In recognition of the wisdom reflected in Ring Lardner’s immortal phrase, “Shut up, he explained,” I present my annual rundown of topics in sports we’re all tired of hearing about.
The BCS. It’s a short season, a broad universe of teams, and the system’s only purpose is to match number one against number two after all the games are played. So what if the results look silly in week six? Do you judge the result of a baseball game in the fourth inning? By the end, it works pretty much as well as any such system could. And it’s better than the old bowl system with conference tie-ins that made it almost impossible to put the top two teams on the same field.
I hope the Senate investigates the supposed unfairness of the BCS to its fullest. I look forward to the demands for mathematical precision from a legislative body where 41% of the votes can prevent a bill or nomination from coming to the floor.
Disrespect. You’re a professional athlete. Other professional athletes are going to try to beat you. That’s their job. Any disrespect that follows from that is just the nature of competitive sports. As for the rest of us, if we don’t think you can win a championship and we say so, that isn’t disrespect; it’s an intellectual judgment about a physical endeavor we wish we were good enough to do. We talk and watch; you get paid as a result. Sounds like a win-win. And no matter what we say, you’re going to play the game, and we’ll see the result at the end. Nothing else matters.
Act Like You’ve Been There Before. We’re thirty years into the era of touchdown celebrations and sack dances. I know Jim Brown just handed the ball to the referee and went back to the bench after he scored. Jim Brown is 74. The referees to whom he handed the ball are all dead. So is the gesture.
Will Brett Favre Play? Or pretty much anything including the words “B—t F—e.” He’s such a stale topic that it’s more than a year since Sears – not noted for its cutting edge humor – did a commercial making fun of him.

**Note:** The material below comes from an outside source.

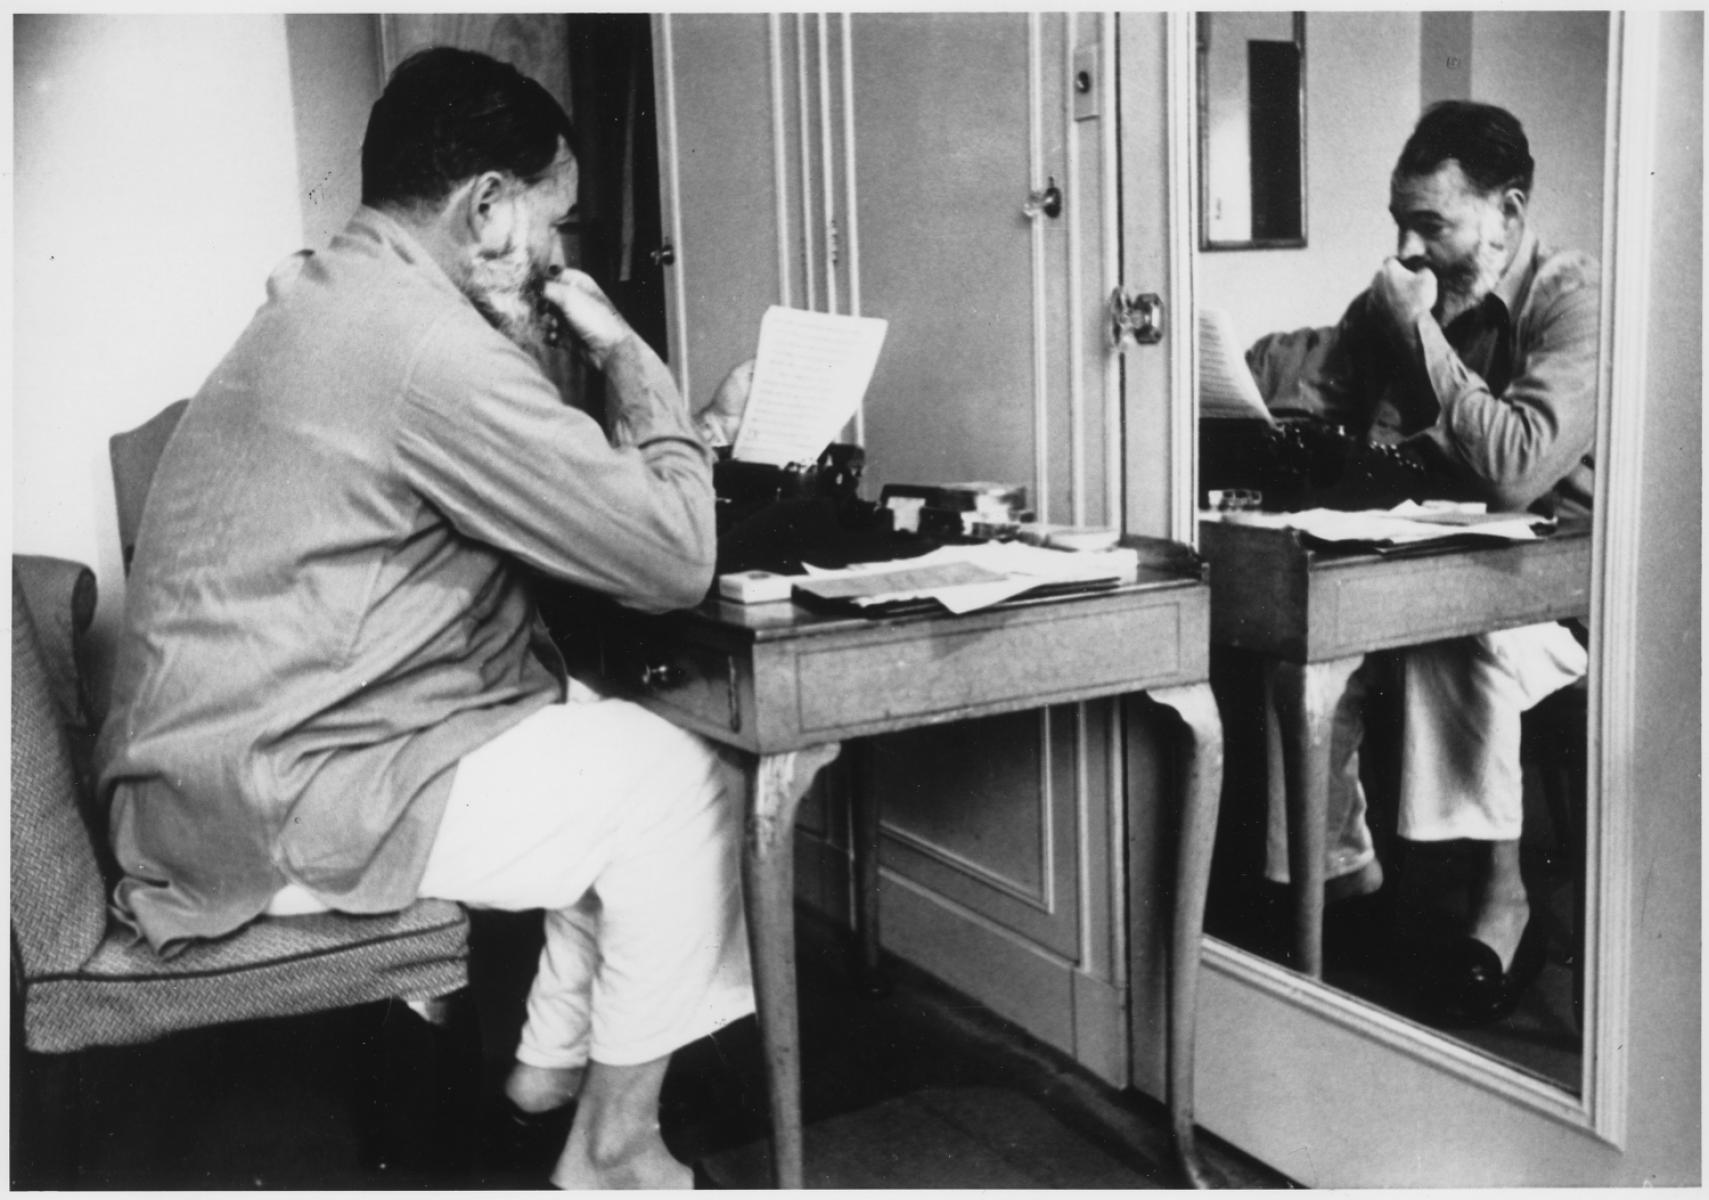 Oxford Exchange Papa's Day Hemingway Book Event

Until he’s hopping around on one leg with no arms like the Monty Python knight, he’ll find a way to start, for somebody.
Derek Jeter’s Contract. He’s going to sign with the Yankees. He doesn’t want to play anywhere else, and they don’t want him to. Whether they give him three years, or four, or five, what difference does it make? It’s not like a commitment will keep them from pursuing other players. They’re not going to raise ticket prices because of his contract; they’ll raise them if they think they can get away with it. Regardless of what the outcome is, he and Minka will be able to afford good child care.
Your Fantasy Team. I’ve been in a fantasy baseball league for twenty-eight years. Want to hear about the best trade I ever made? Didn’t think so. And I don’t want to hear about yours, or about the horrible loss your fantasy football team took when the Monday Night game went into overtime. There has never been an actual conversation about fantasy sports; what appears to be a conversation is actually one person talking, and the other person mentally tapping his foot and awaiting his turn to speak.
Student-Athletes. Please. They exist, but mostly in sports we don’t watch. It’s been this way since Pudge Heffelfinger. If Cam Newton really is getting $175,000 from Auburn, good for him; Gene Chizik is making more than ten times as much to recruit and coach him, so why shouldn’t the guy risking his body reap some rewards too?
Steroids and the Hall of Fame. The same people who went into paroxysms of joy over the McGwire-Sosa home-run race in 1998 are lining up ten years later to shun them from baseball’s holy of holies. Here’s a bulletin: the word ”enshrine” is a metaphor, and none of the previous inductees were saints, either. Steroids weren’t an issue for prior generations, because they didn’t believe weight training would help in baseball. But greenies (amphetamines) definitely were an issue, and every player who took ‘em thought they would enhance his performance.
The record book doesn’t judge; it records. Every record is the product of a particular set of conditions. The steroids era raised the statistical bar on some measures of greatness, and so did changes in the liveliness of the ball, the size of the parks, the lighting conditions, and a host of other factors, environmental and strategic. Separating the significant from the merely inflated requires judgment, but that’s what the vote is all about. Ignoring the whole era is a sanctimonious copout.
The Umpires/Referees/Officials. Yes, they screw up. A lot. Sometimes inexplicably so. It’s always been so; extensive film study has shown that Bill Klem’s strike zone ran from the inside corner to a foot outside, particularly when Herb Pennock was pitching. OK, I made that up, but the fact is we have access to views and angles no one’s ever had before. They’re not incompetent, they’re imperfect. And if there are 176 games in a weekend, odds are pretty good SportsCenter will be able to find some calls that were badly blown in a few of them. The games are played by people, and should be called by people – at least until we perfect the electronic home plate, sew sensors into the uniforms, and put chips on the points of the football.
Tiger Woods. Until he at least contends in a tournament. Or I’m running low on column ideas.
And Let’s Not Forget: Rick Pitino’s suits, Jim Boeheim’s whining, Joe Paterno’s hair color, Troy Polamalu’s hair, Dick Vitale’s voice, Peyton Manning’s body language, Cliff Lee’s agent, Notre Dame football, Big Ten basketball, the Little League World Series, and any new commercials from Nike or ESPN.